Tula () is the largest city and the administrative center of Tula Oblast in Russia, located  south of Moscow. Tula is located in the northern Central Russian Upland on the banks of the Upa River, a tributary of the Oka. At the 2010 census, Tula had a population of 501,169, an increase from 481,216 in 2002, making it the 32nd largest city in Russia by population.

A primarily industrial city, Tula was a fortress at the border of the Principality of Ryazan. The city was seized by Ivan Bolotnikov during the Time of Troubles and withstood a four-month siege by the Tsar's army. Historically, Tula was a major centre for the manufacture of armaments. The Demidov family built the first armament factory in Russia in the city, in what would become the Tula Arms Plant, which still operates to this day.

Tula is home to the Klokovo air base, Tula State University, Tula Kremlin, The Tula State Museum of Weapons and Kazanskaya embankment of the Upa River (). Tula has a historical association with the samovar, a metal container used to heat and boil water; the city was a major center of Russian samovar production. Yasnaya Polyana, the former home of the writer Leo Tolstoy, is located  southwest of Tula. Additionally, Tula is known for its imprinted gingerbread (pryanik), which has been made in Tula since the 17th century.

Etymology
The name of the city is likely  pre-Russian, probably of Baltic origin.

History

Tula was first mentioned in the Nikon Chronicle (year 1146).

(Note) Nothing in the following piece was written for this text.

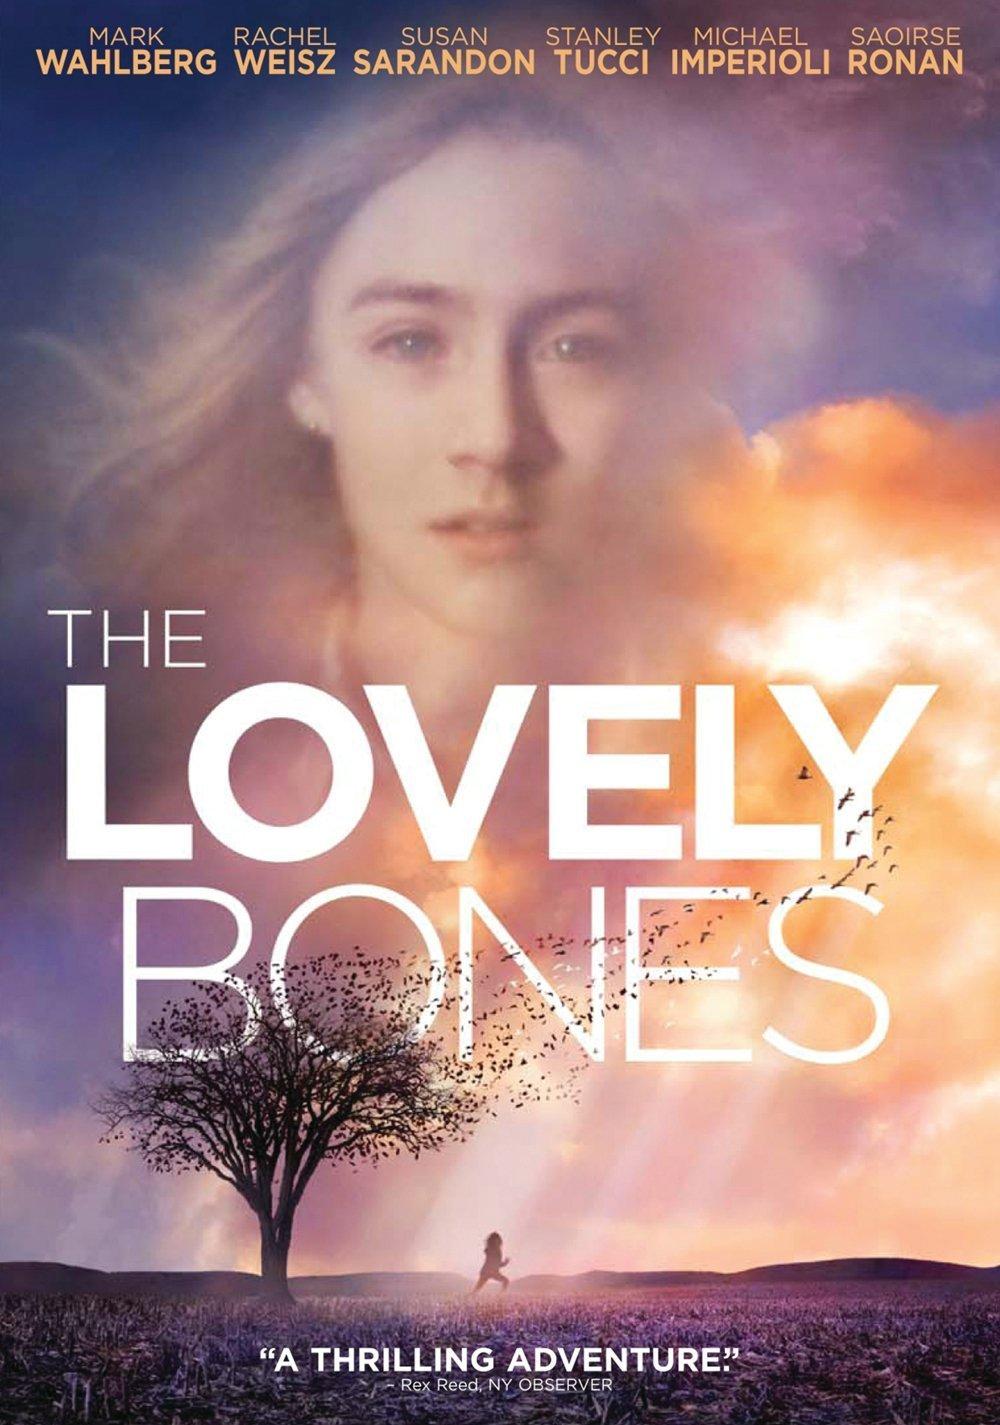 Lovely film the bones Pevné pouto

In the Middle Ages, Tula was a minor fortress at the border of the Principality of Ryazan. As soon as it passed to the Grand Duchy of Moscow, a brick citadel, or kremlin, was constructed in 1514–1521. It was a key fortress of the Great Abatis Belt and successfully resisted a siege by the Tatars in 1552. In 1607, Ivan Bolotnikov and his supporters seized the citadel and withstood a four-months siege by the Tsar's army. In the 18th century, some parts of the kremlin walls were demolished. Despite its archaic appearance, the five-domed Assumption Cathedral in the kremlin was built as late as 1764.

In 1712, Tula was visited by Peter the Great, who commissioned the Demidov blacksmiths to build the first armament factory in Russia. Several decades later, Tula was turned by the Demidovs into the greatest ironworking center of Eastern Europe. The oldest museum in the city, showcasing the history of weapons, was inaugurated by the Demidovs in 1724, and Nicholas-Zaretsky Church in the city houses their family vault. The first factory to produce samovars industrially was also established there in the course of the 18th century. After the Demidovs moved the center of their manufacture to the Urals, Tula continued as a center of heavy industry, particularly in the manufacture of matériel.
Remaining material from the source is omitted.